Politic aside... what they said is true. Mpeg 2 Still provide the best quality at those high bitrate.

No it doesn't! Logically, newer codecs would produce the same quality image at lower bitrates than an older codec. MPEG2 is old by today's standards, and future technology should use the best technology of today as its base. Sony should have chosen MPEG4, plain and simple. There's no reason not to.

What's probably happening is that Sony is realizing the drives are going to be expensive, and they don't want manufacturers complaining about having to use (expensive) new drives and (expensive) new decoders, so Sony cuts out one of the expenses by using older decoders.

I would think HD MPEG 2 would be eaiser to decode than HD MPEG 4. MY computer can play HD MPEG 2 files fine (HDTV Wonder) but HD MPEG 4 is a big problem along with WMV-HD. There is a lot of room so no HD movie should fill up a whole Blu-ray disc. I can get about 8 GB in 1 hour and that with 5.1 sound also.

Im sure that soon it will play both mpeg2 and mpeg 4 formats also, but that depends on the player

Politic aside... what they said is true. Mpeg 2 Still provide the best quality at those high bitrate.

:rofl:

Most definitely it doesn't - MPEG2 has a very poor quality compression scheme compared to the H.264 (Also known as MPEG4).

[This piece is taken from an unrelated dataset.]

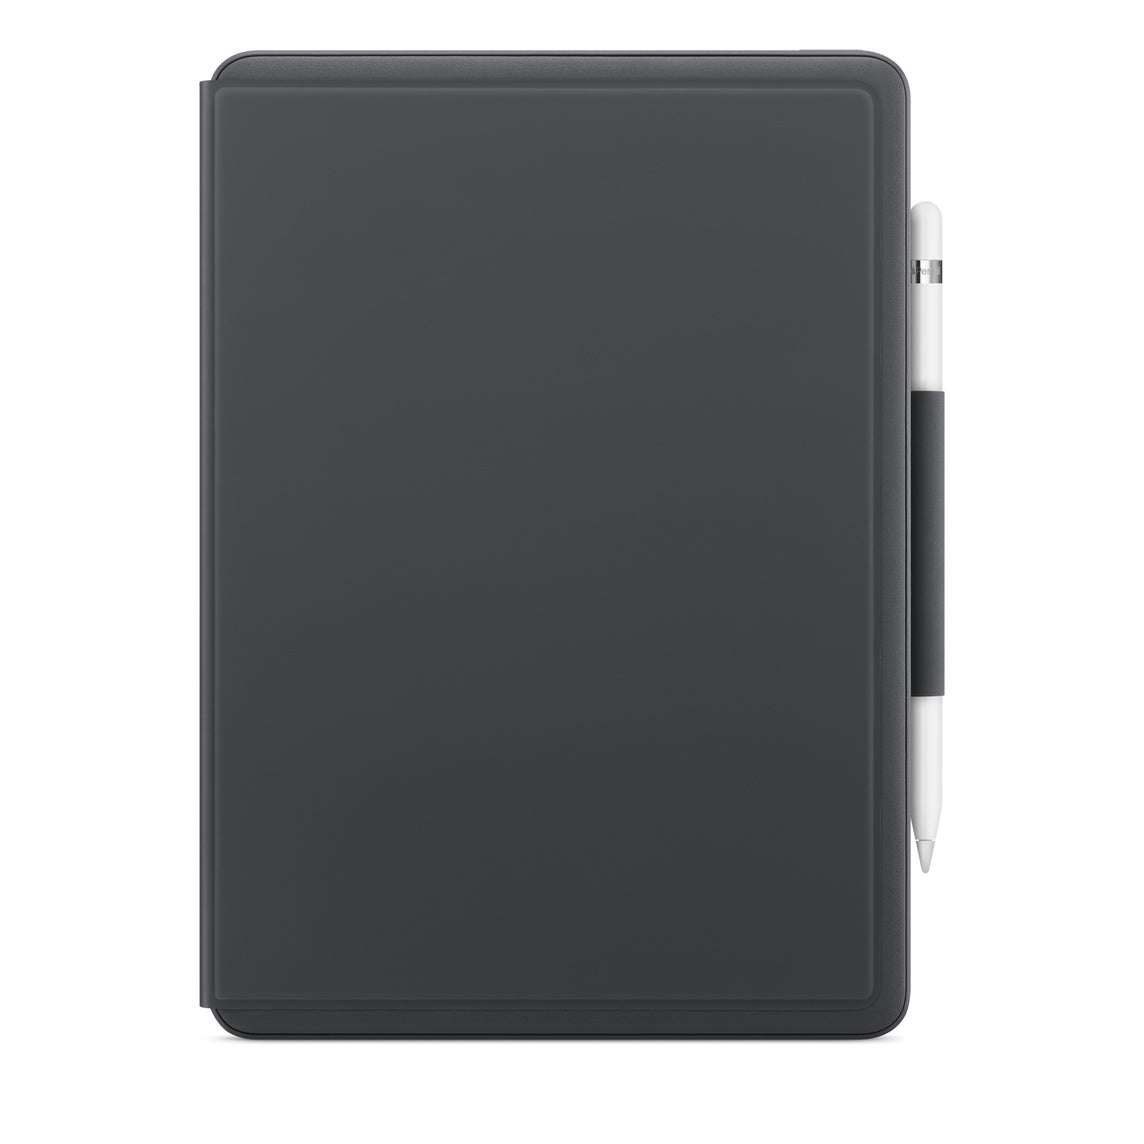 Logitech Slim Folio Case Bluetooth Keyboard for iPad (7th,8th,9th generation)

If they don't change their minds, Blue Ray is doomed. HD-DVD would probably win anyway - it's not backed by a single manufacturer, it's easier for manufacturers to upgrade current manufacturing equipment, it has the features that content providers want, it has a name that consumers can identify more easily (as a sucessor of DVD), and has more industry support (eg. Microsoft). Even if Blue Ray is technically superior in storage capacity, HD has the features.

But do you know have hard it is even for quite a modern computer to render a HD h.264 (To just prove my point a few of the trailer on the apple website wil only run smoothly on a Dual-core Dual-processor Power Mac G5)so think about the commerical DVD players (Well Blu-ray players) their hardware isn't as powerful as desktop PC so most players would prob stutter and stall while trying to play HD h.264 films.

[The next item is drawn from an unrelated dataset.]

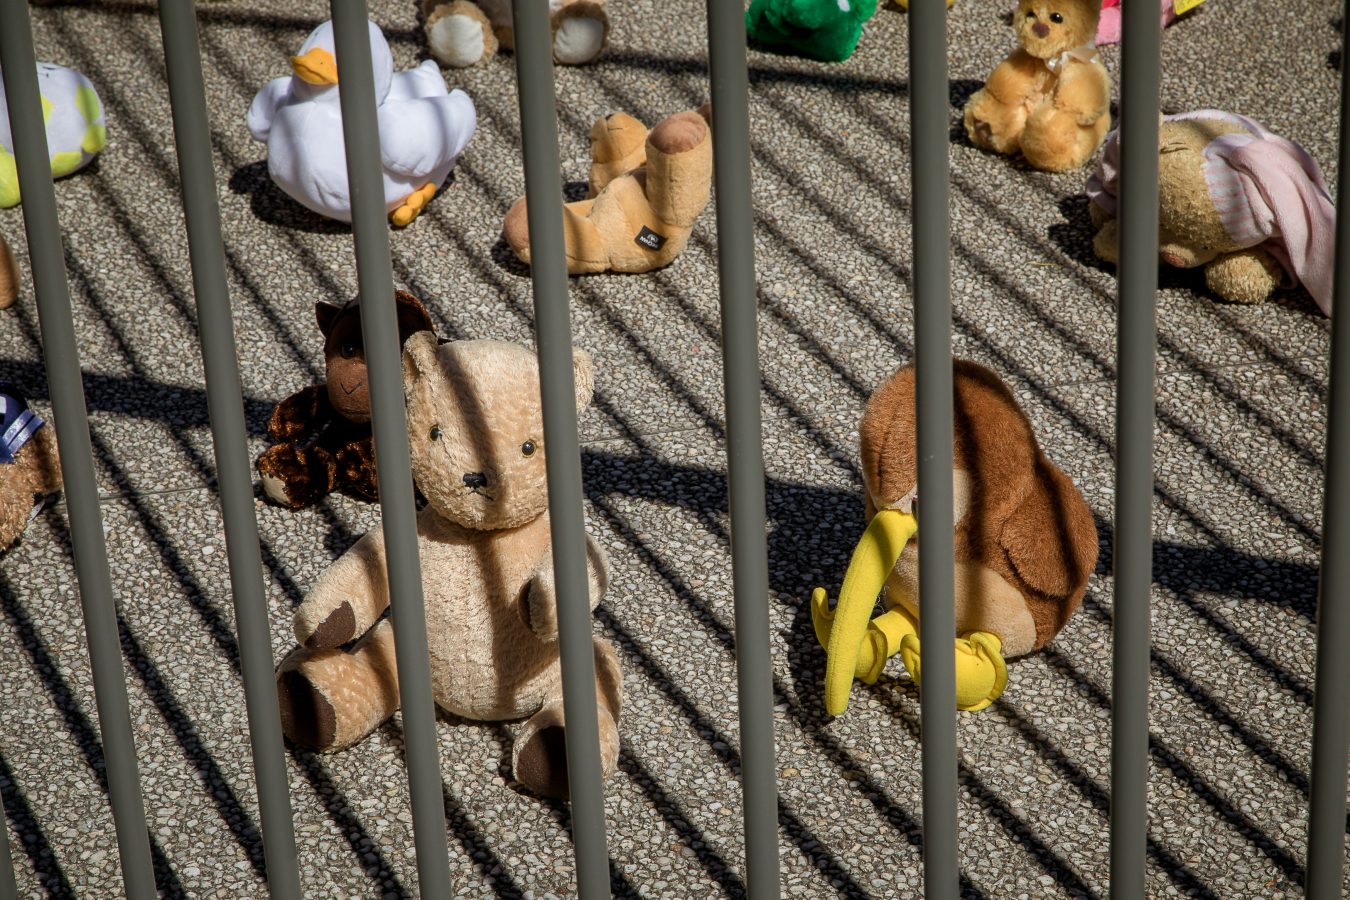 Image of stuffed teddies behind metal bars

But do you know have hard it is even for quite a modern computer to render a HD h.264 (To just prove my point a few of the trailer on the apple website wil only run smoothly on a Dual-core Dual-processor Power Mac G5)so think about the commerical DVD players (Well Blu-ray players) their hardware isn't as powerful as desktop PC so most players would prob stutter and stall while trying to play HD h.264 films.

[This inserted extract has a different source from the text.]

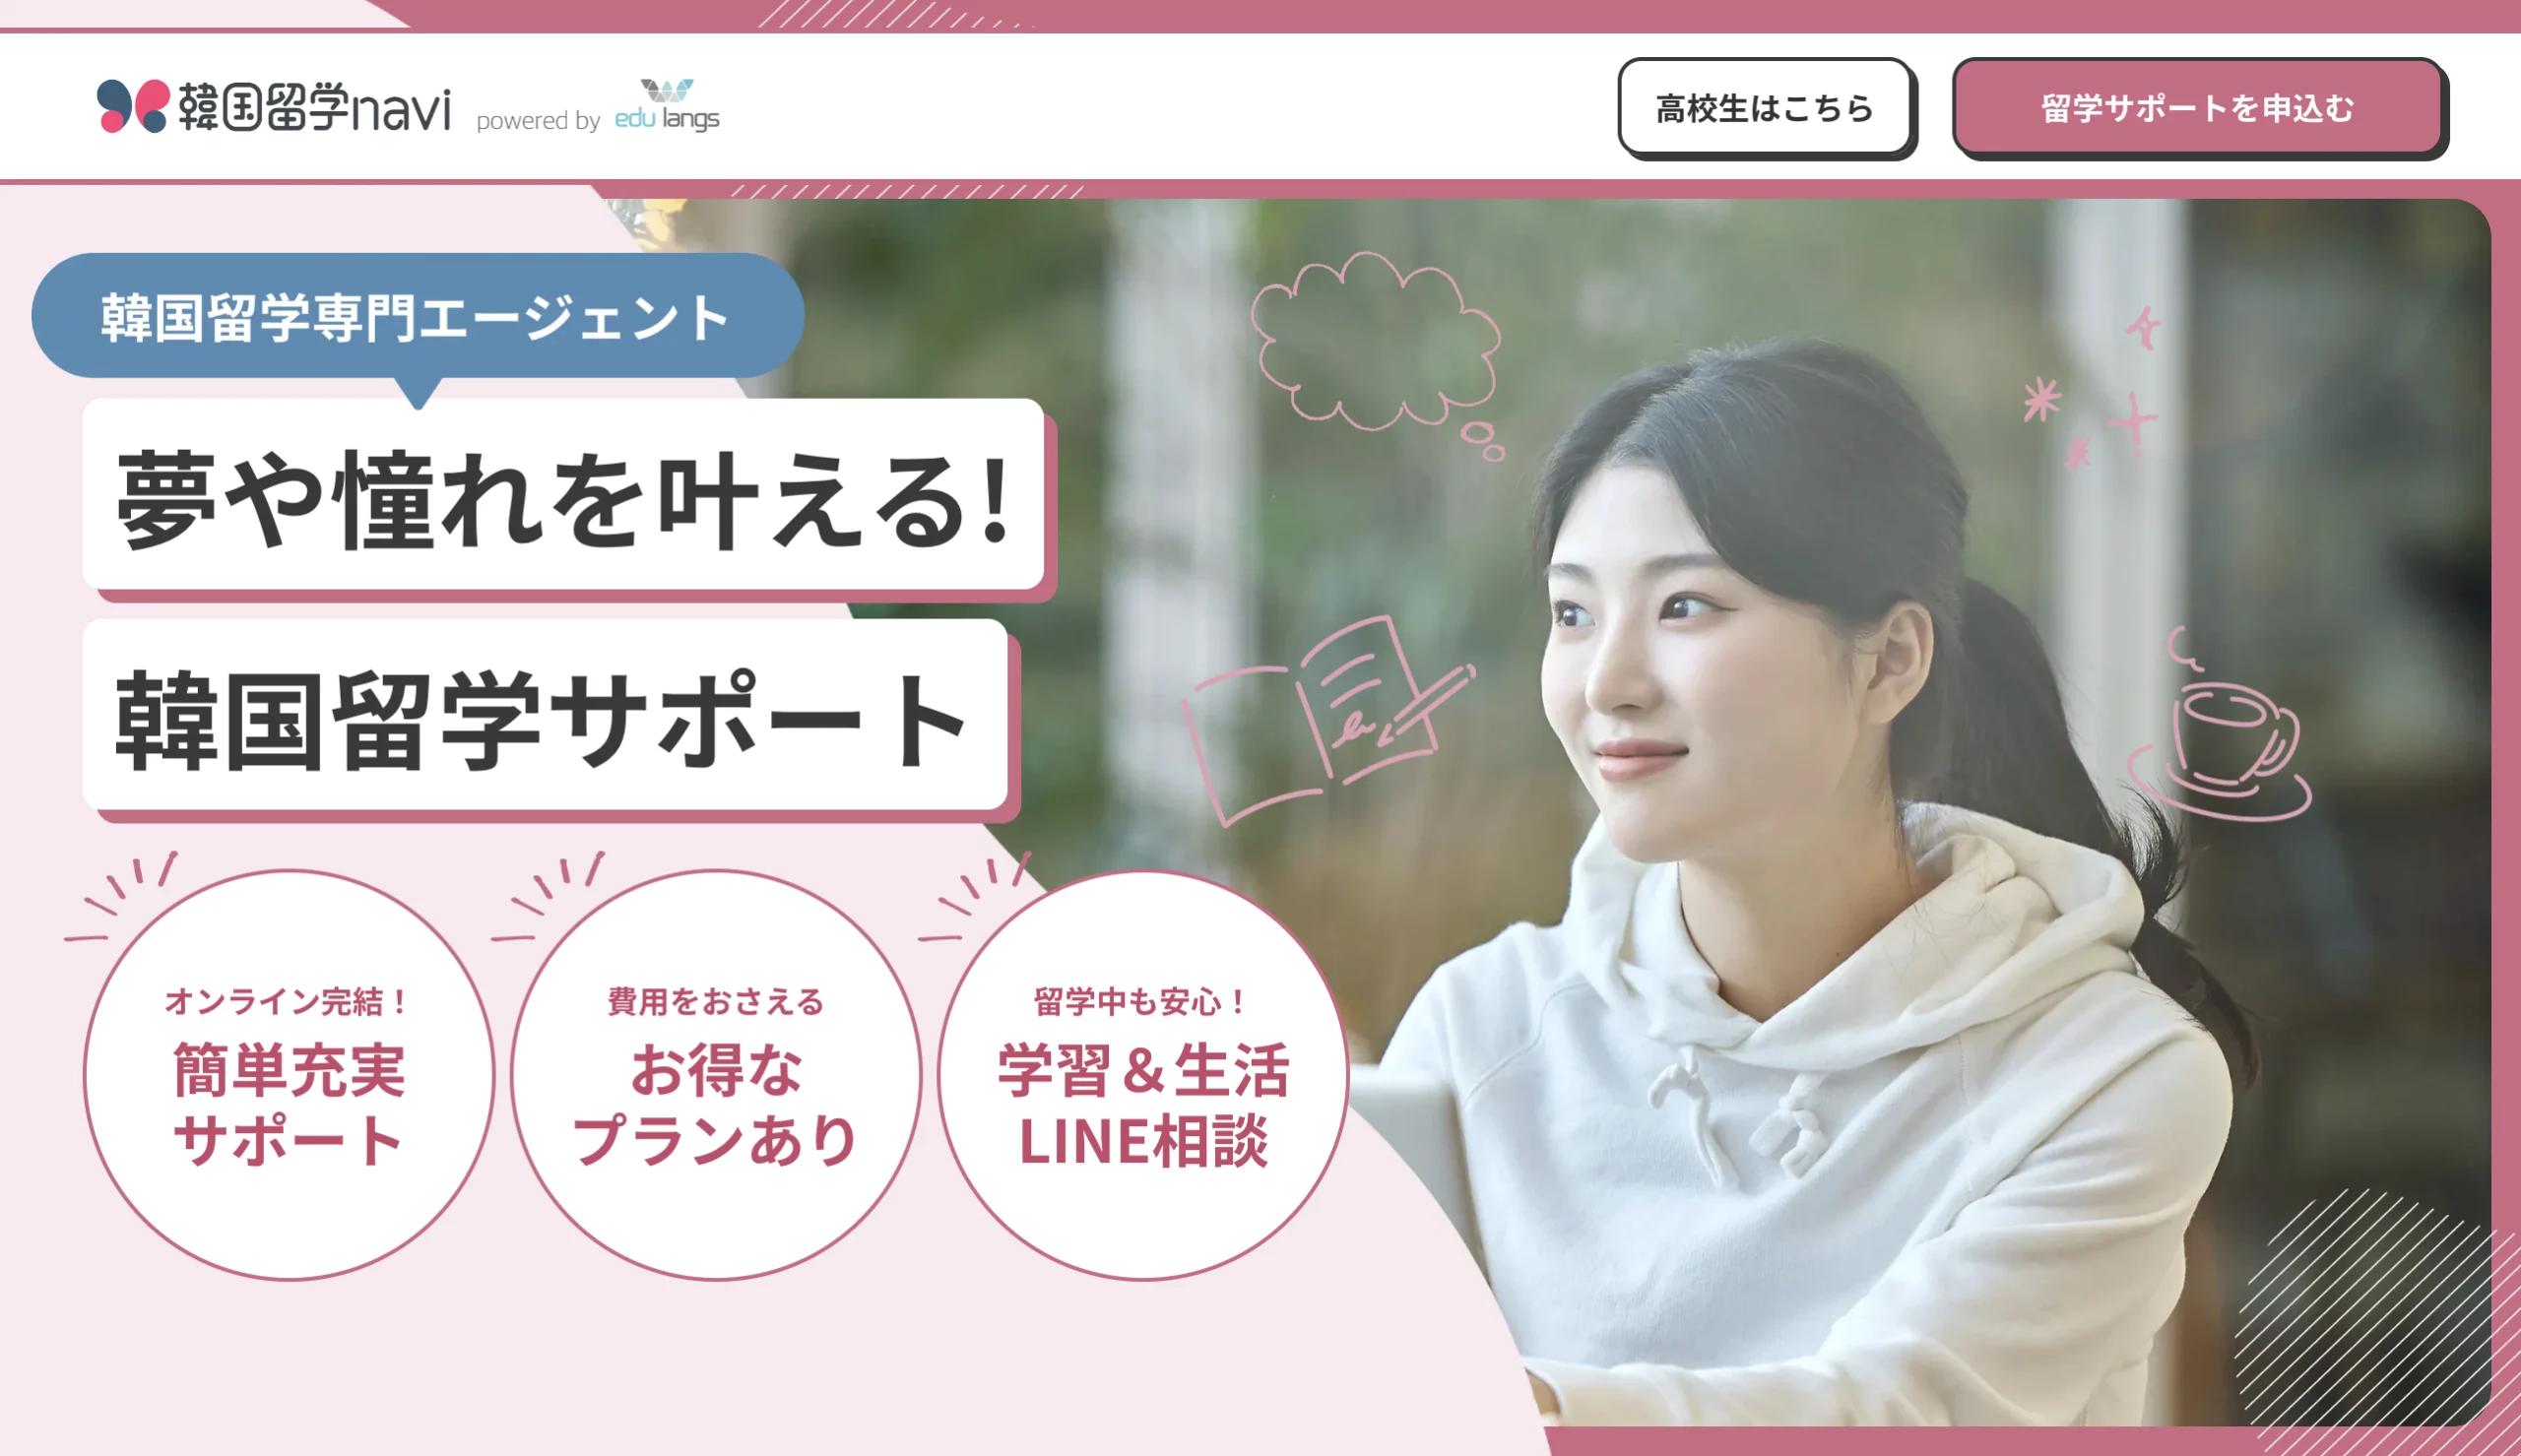 韓国留学エージェントnaviの公式サイトTOP画面

Erm, many of the 720p trailers that are encoded in h.264 at Apple Traillers run fine on my Sempron 2600.

No it doesn't! Logically, newer codecs would produce the same quality image at lower bitrates than an older codec. MPEG2 is old by today's standards, and future technology should use the best technology of today as its base. Sony should have chosen MPEG4, plain and simple. There's no reason not to.

What's probably happening is that Sony is realizing the drives are going to be expensive, and they don't want manufacturers complaining about having to use (expensive) new drives and (expensive) new decoders, so Sony cuts out one of the expenses by using older decoders.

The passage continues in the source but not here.